WHAT TO PRODUCE: The copy must match the data below line for line and contain no images.

DATA SEGMENT:
++++++++++
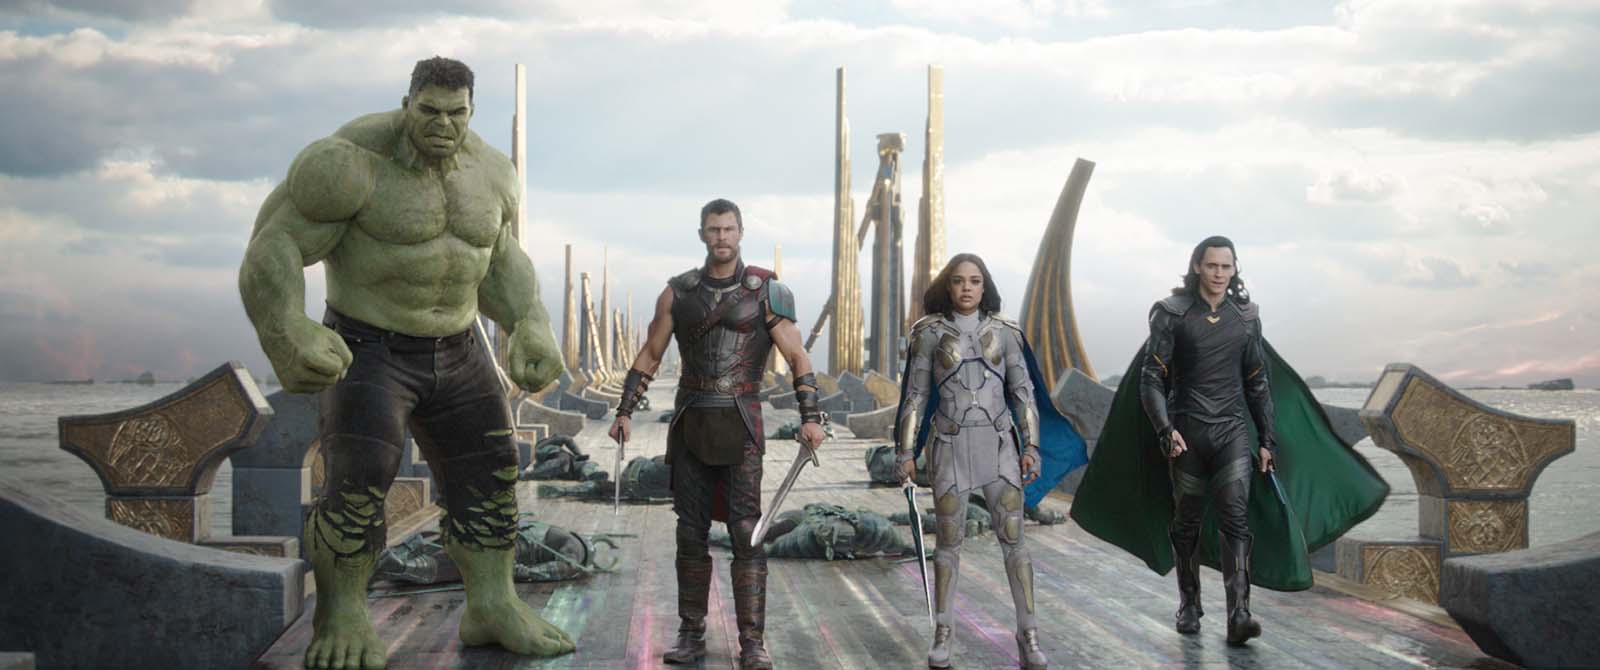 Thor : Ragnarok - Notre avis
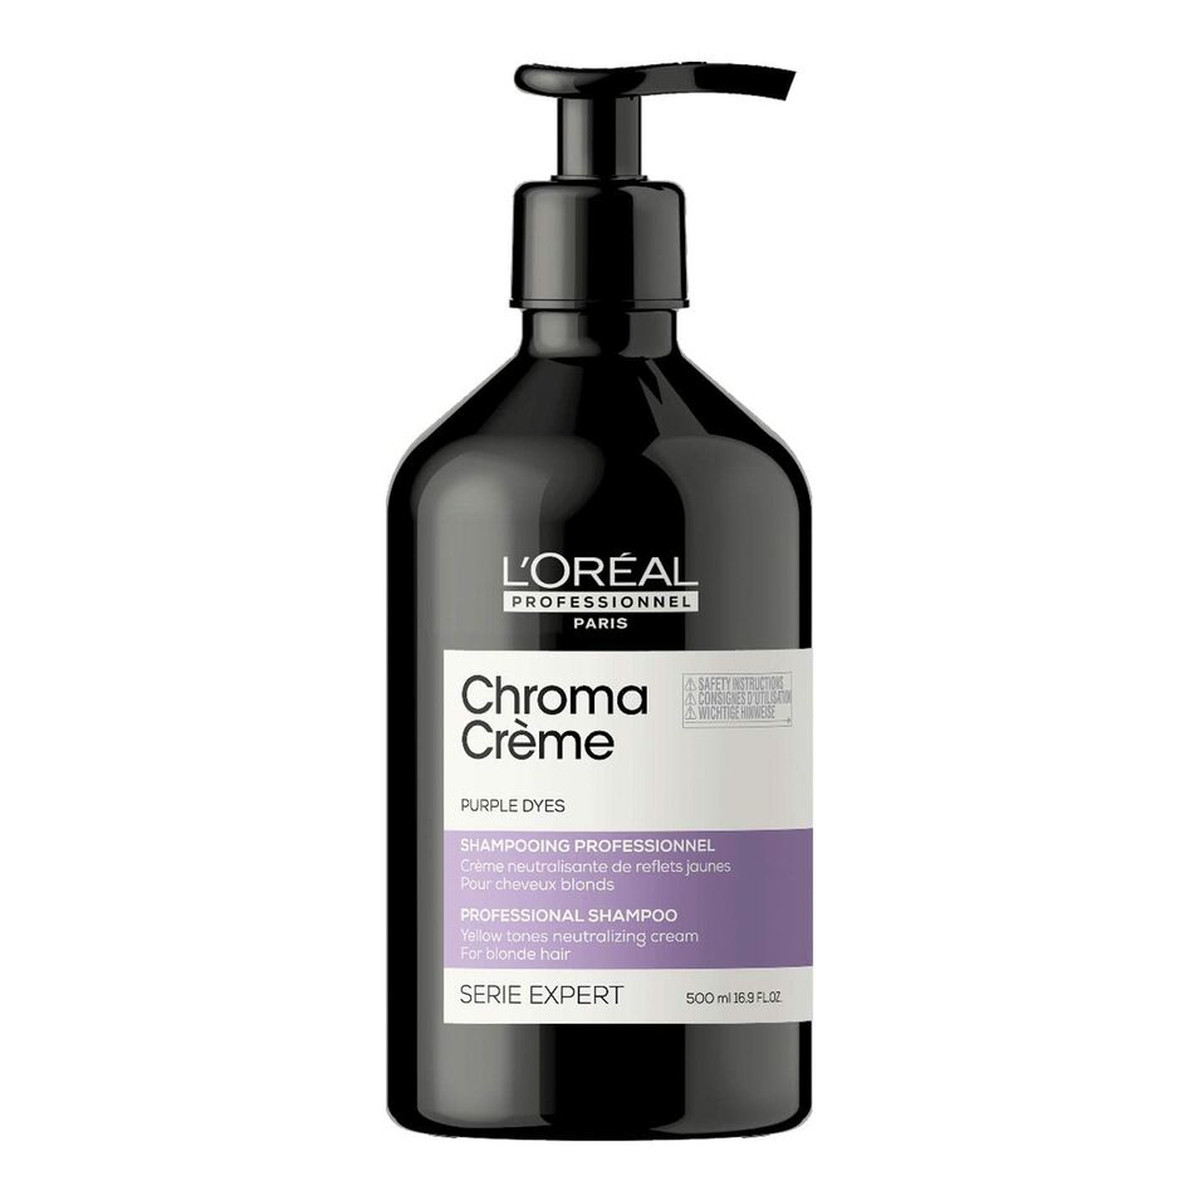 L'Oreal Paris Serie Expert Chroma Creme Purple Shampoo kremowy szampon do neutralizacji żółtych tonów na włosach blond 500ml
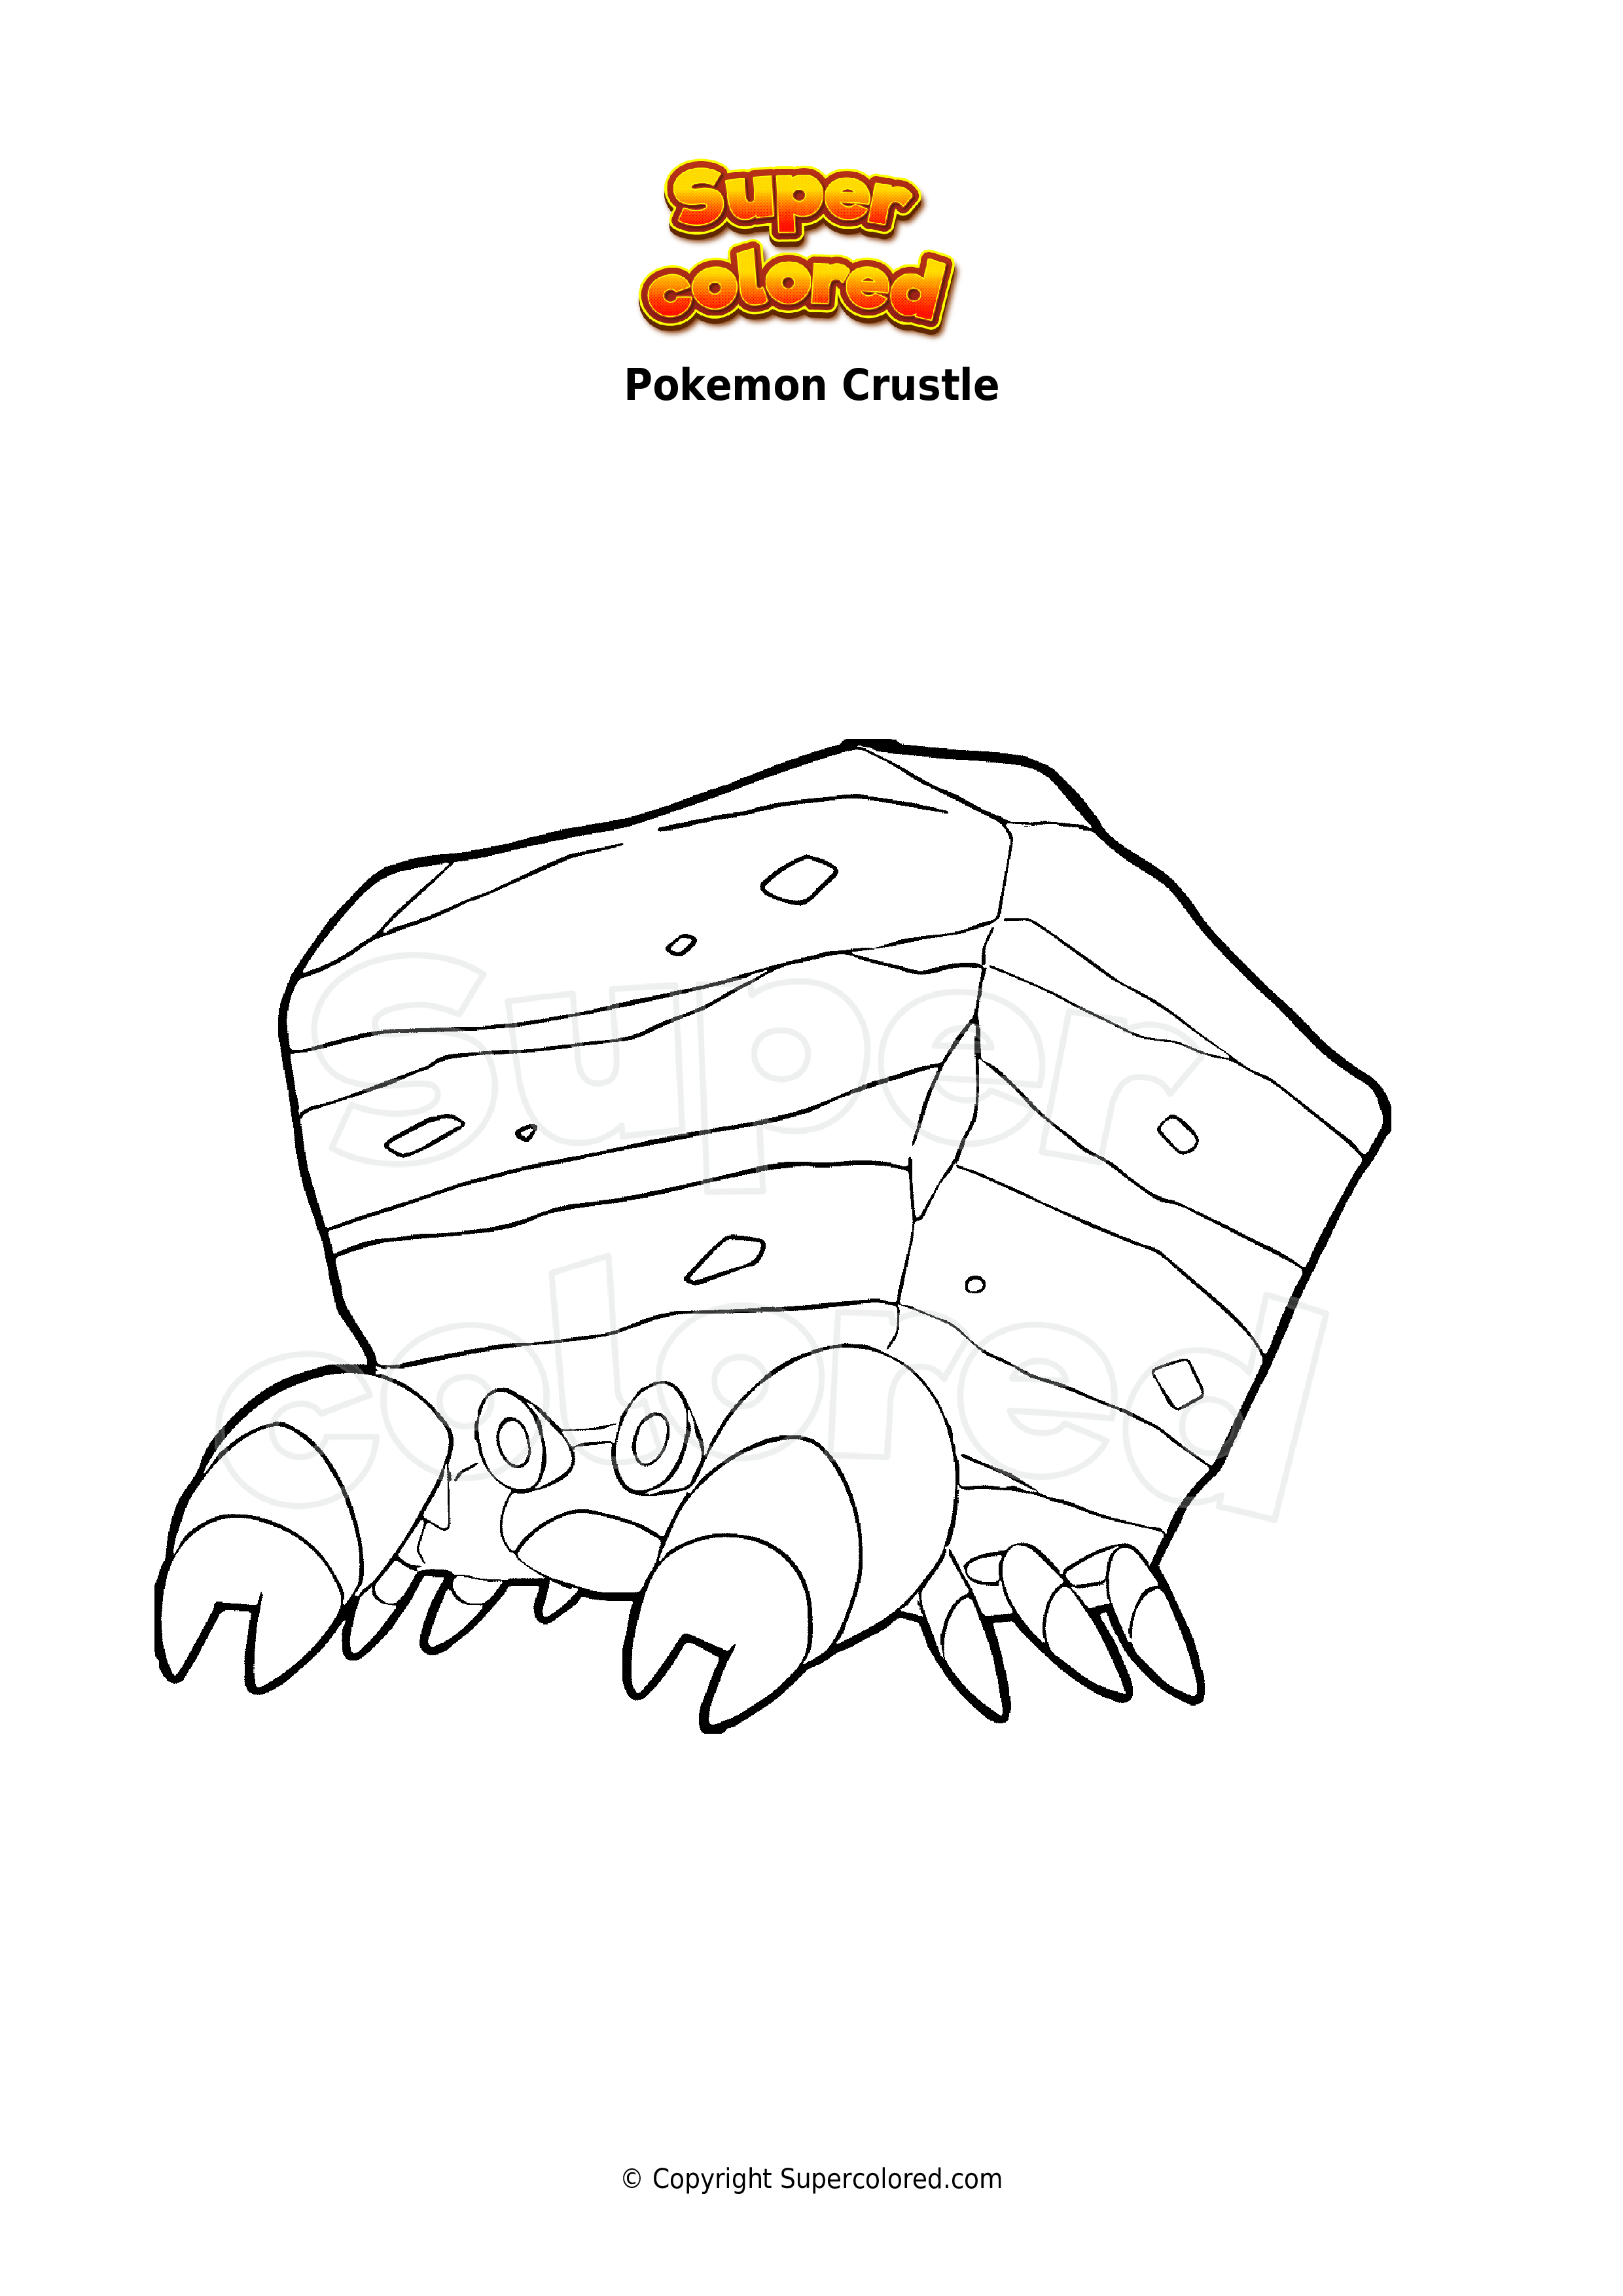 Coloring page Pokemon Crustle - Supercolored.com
++++++++++
OUTPUT:
 Thor : Ragnarok - Notre avis
 L'Oreal Paris Serie Expert Chroma Creme Purple Shampoo kremowy szampon do neutralizacji żółtych tonów na włosach blond 500ml
 Coloring page Pokemon Crustle - Supercolored.com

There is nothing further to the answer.